Брат Жан после окончания войны получил от короля аббатство Телем. В переводе с греческого это значит «желанная». Там он так устроил жизнь людей, что о ней поистине можно говорить как о жизни желанной.
«Вся их жизнь была подчинена не законам, не уставам и не правилам, а их собственной доброй воле и хотению… Их устав состоял только из одного правила: делай что хочешь…»
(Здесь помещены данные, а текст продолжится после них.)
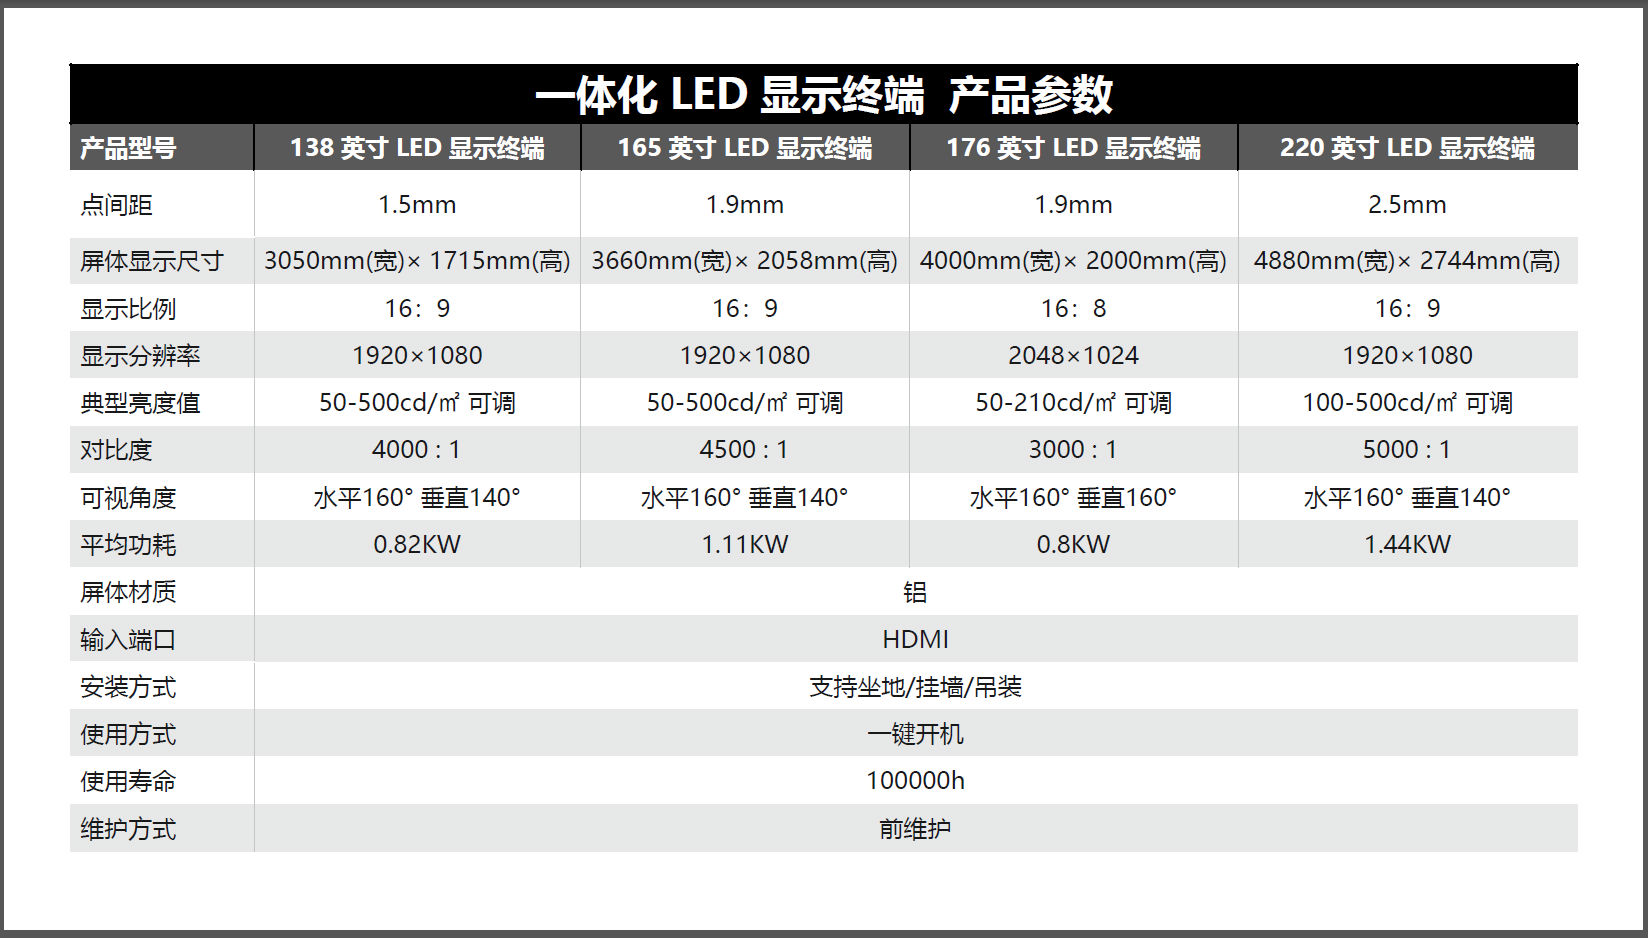 MAXHUB会议平板一体化LED显示终端产品参数
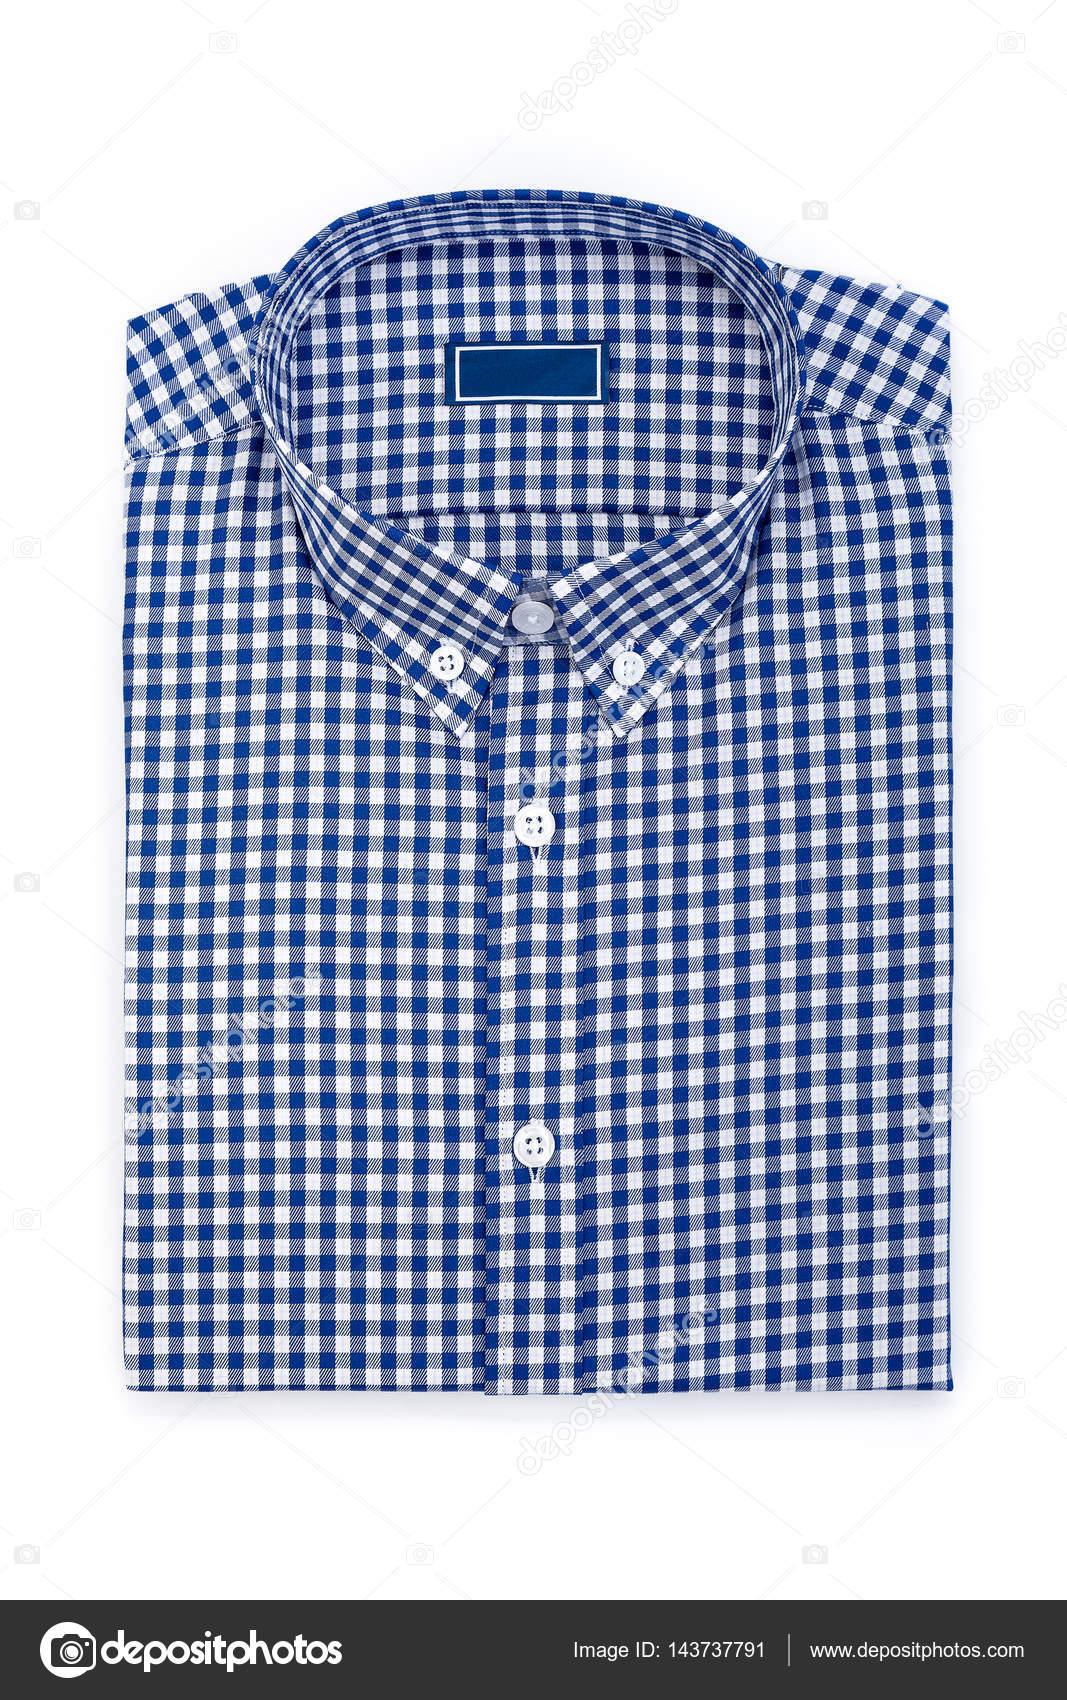 5e79ee04f9f1 Ανδρικό κλασικό μπλε καρό διπλωμένο βαμβακερό πουκάμισο με μακρύ ή κοντό  μανίκι και μπλε κενή ετικέτα που απομονώνονται σε λευκό φόντο — Εικόνα από  ...

У читателя, естественно, возникал вопрос: разве не будет тогда анархии, разгула диких страстей, безнаказанности преступлений?
Рабле отвечал, указывая на социальные корни человеческих пороков: «…людей свободных, происходящих от добрых родителей, просвещенных, вращающихся в порядочном обществе, сама природа наделяет инстинктом и побудительной силою, которые постоянно наставляют их на добрые дела и отвлекают от порока, и сила эта зовется у них честью. Но когда тех же людей давят и гнетут подлое насилие и принуждение, они обращают благородный свой пыл, с которым они добровольно устремлялись к добродетели, на то, чтобы сбросить с себя и свергнуть ярмо рабства, ибо нас искони влечет к запретному и мы жаждем того, в нем нам отказано».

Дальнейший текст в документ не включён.